The CIRM has a policy against buying eggs for cloning and other biomedical research. But…I warned a bit ago that some bioethicists and bioscientists were agitating to change that policy. Now, the new head of the CIRM, Alan Trounson, has apparently dropped hints that he would like to see eggs bought and sold. From the story in The Scientist (no link available):
Recent comments by California Institute for Regenerative Medicine (CIRM) President Alan Trounson imply that the agency may be looking for ways to pay women for their eggs for stem cell research.
Currently, laws in California and Massachusetts — two leader states in stem cell research — prohibit compensation for eggs. But with a shortage of available human eggs for research purposes, the issue remains a national sticking point to the progress of stem cell research and cloning science.
At a meeting of CIRM’s Standards Working Group (SWG) on February 28, Trounson called on the CIRM to explore ways to reimburse women for eggs, according to the transcripts of the meeting.
“The demand for oocytes may be way beyond what we can possibly deliver,” said Trounson, in response to the growing number of applications to use human eggs in research.
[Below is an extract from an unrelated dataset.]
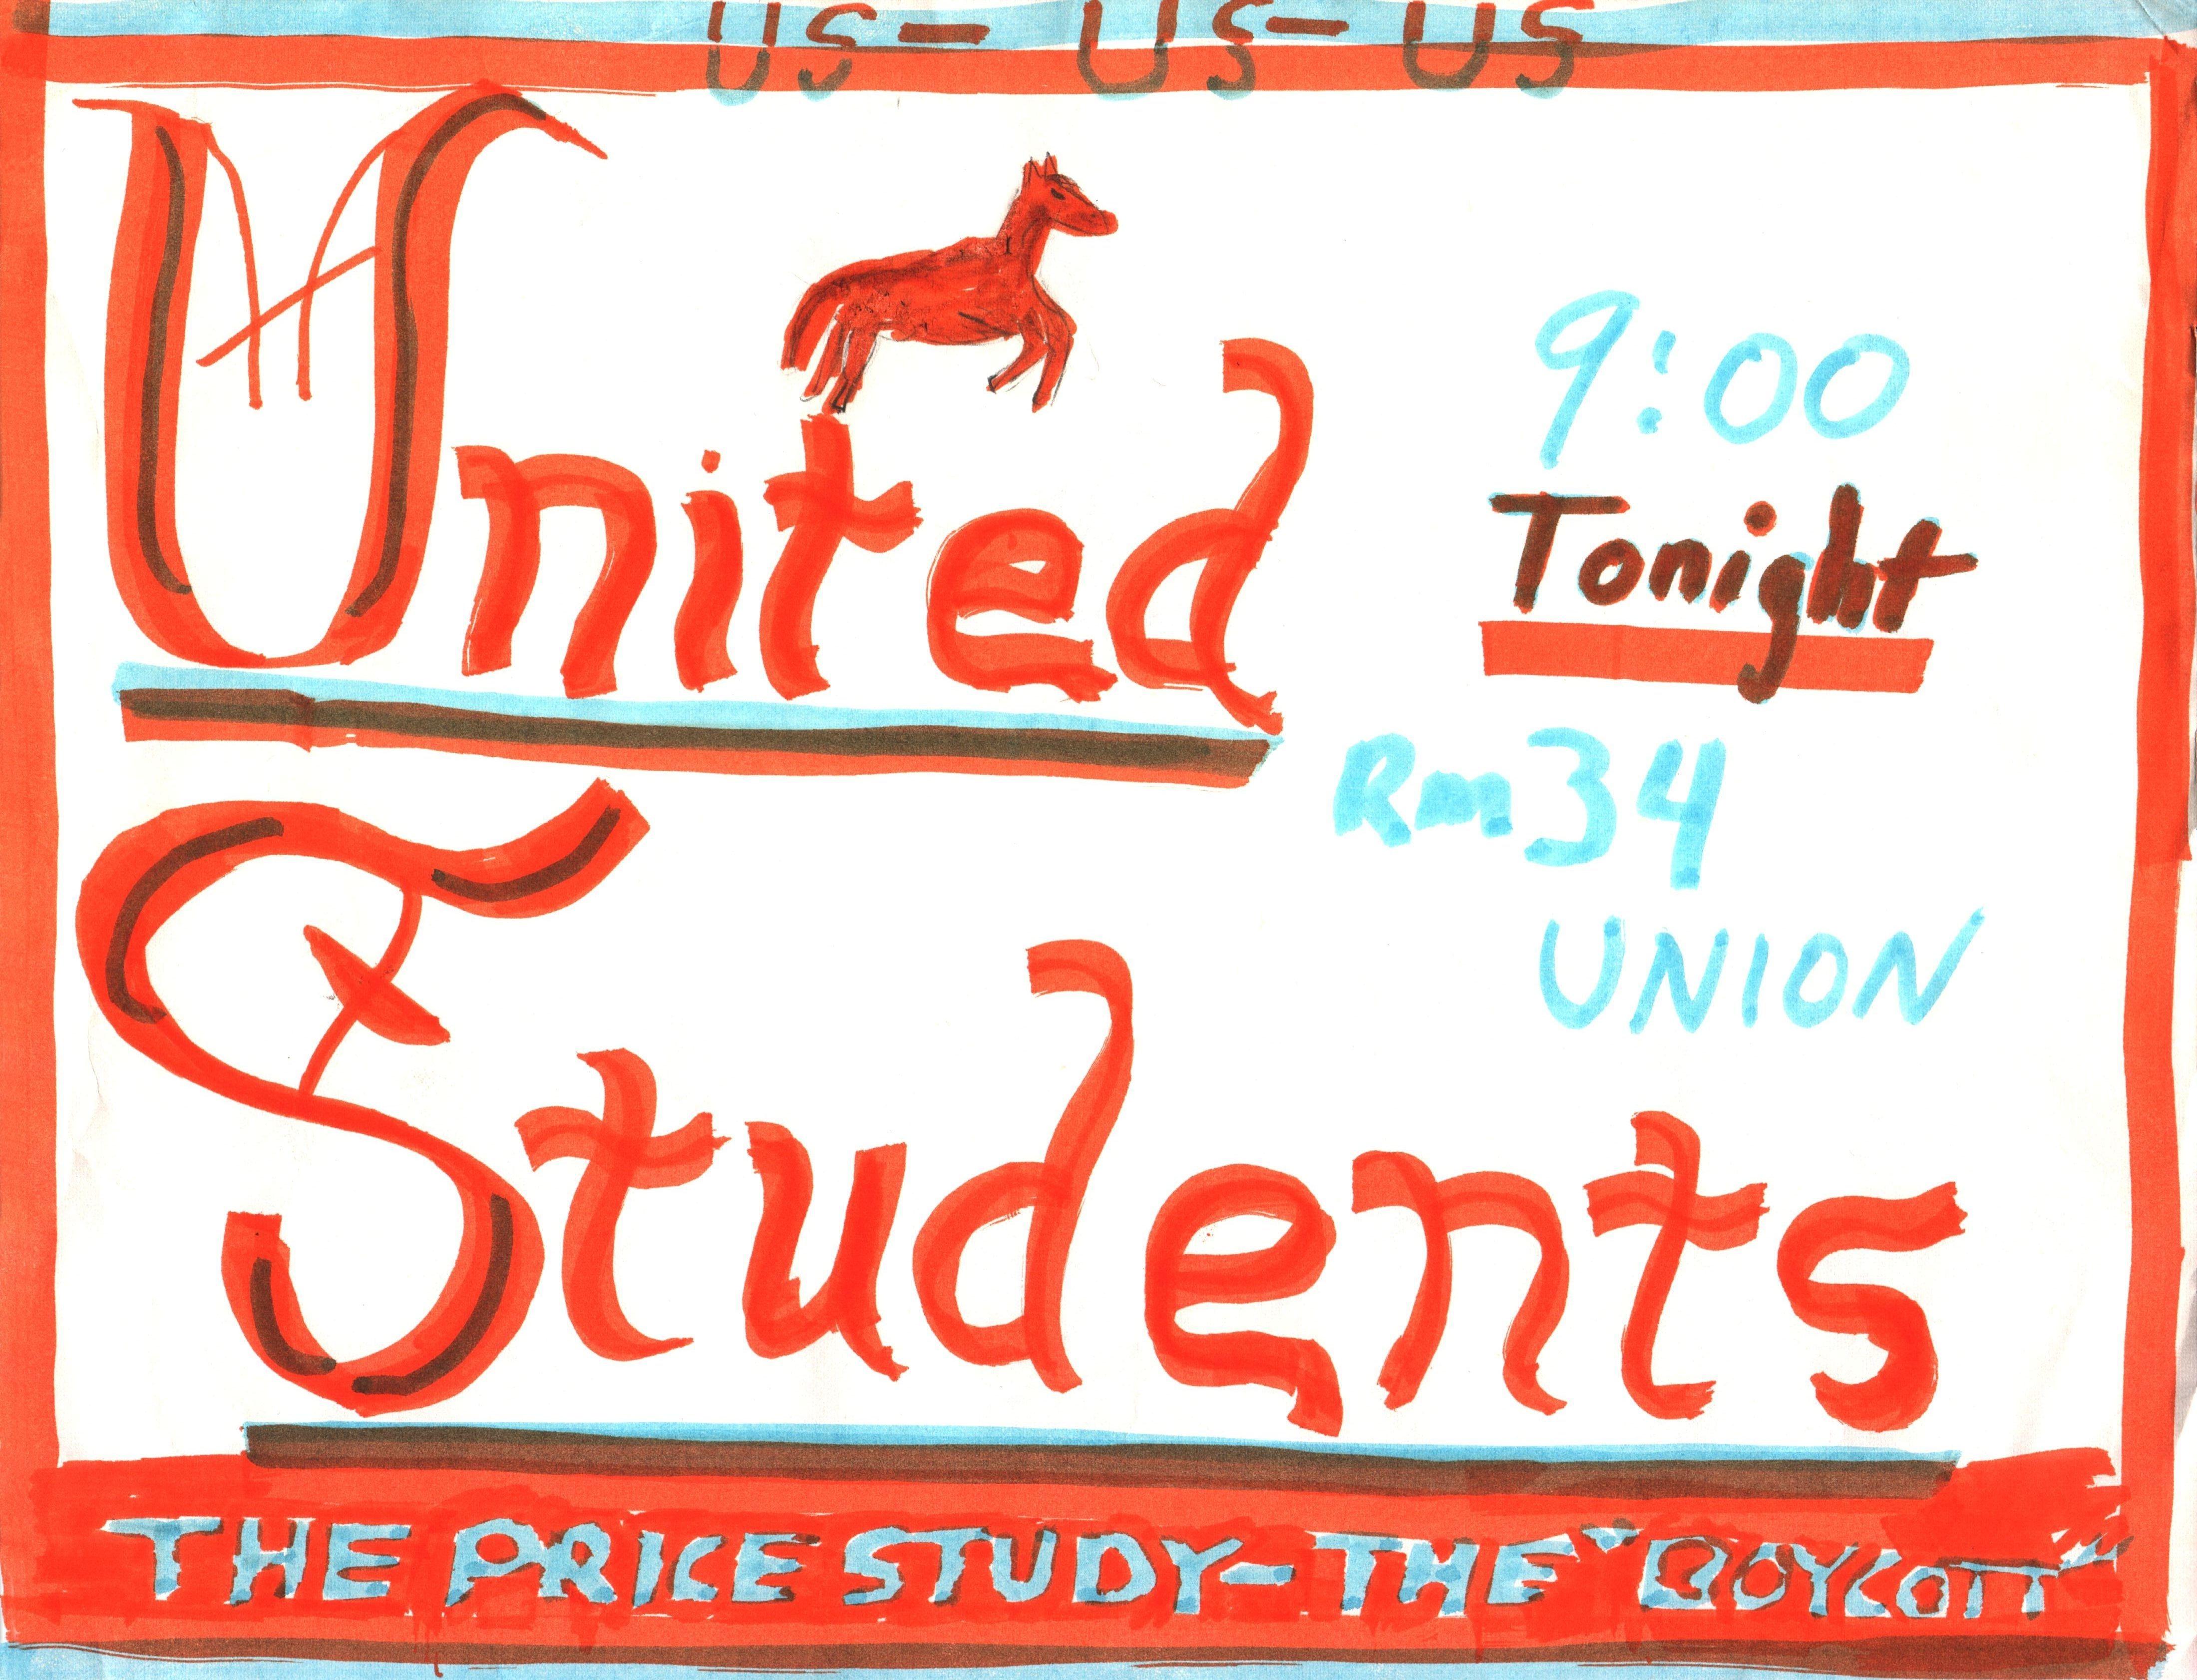 Orange Horse Rally November 15, 1966
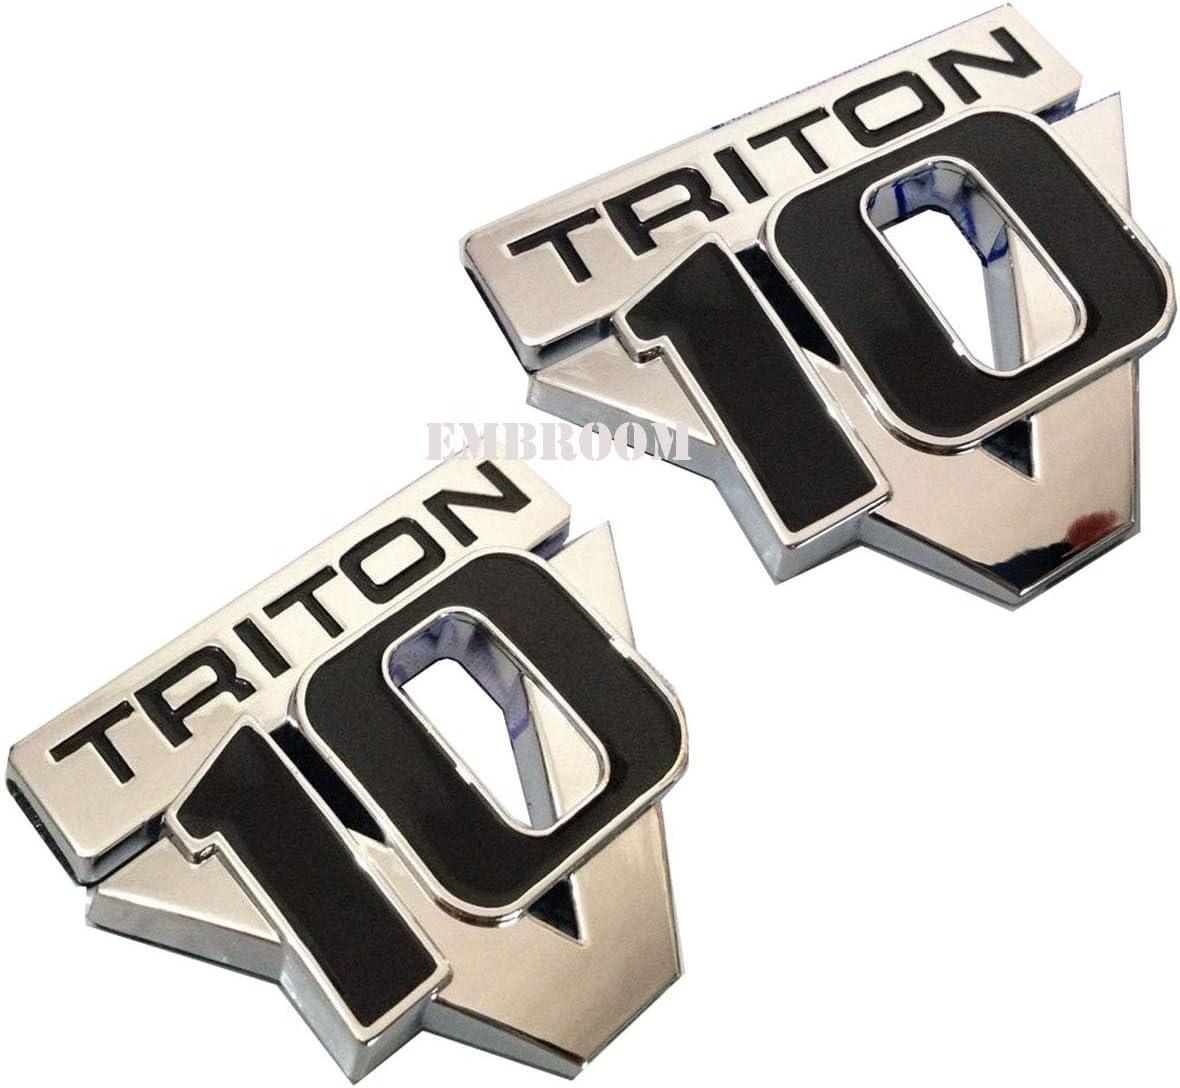 2pcs V10 Triton Emblems, Decals Stickers Replacement Emblem for Ford F Series Trucks (Chrome Black)

He cited the failure of many researchers to obtain eggs through donation without financial reward. “Women are not prepared to go through those procedures without some form of compensation,” he said.
This would just be one more method by which human cloning technology dehumanizes and leads to exploitation. It would not be the well off who would go through the onerous egg extraction procedure for relatively little money, but the poor. And that could cost women their lives, their fertility, or their health.
At least one CIRM board member recalls the promises made in the campaign:
Jeff Sheehy, a CIRM board member, said he reacted “viscerally” to Trounson’s announcement. “It seemed to fly in the face of Proposition 71,” he said. Sheehy told The Scientist that Proposition 71 was approved following a campaign that promised a no-compensation policy for CIRM-funded research. “Why go against the will of the legislation in what voters thought they were approving?” he said.
Perhaps because in some people’s minds, the wants and desires of “the scientists” trumps all. Paying for eggs for biomedical research should be outlawed. For more information, see Hands Off Our Ovaries.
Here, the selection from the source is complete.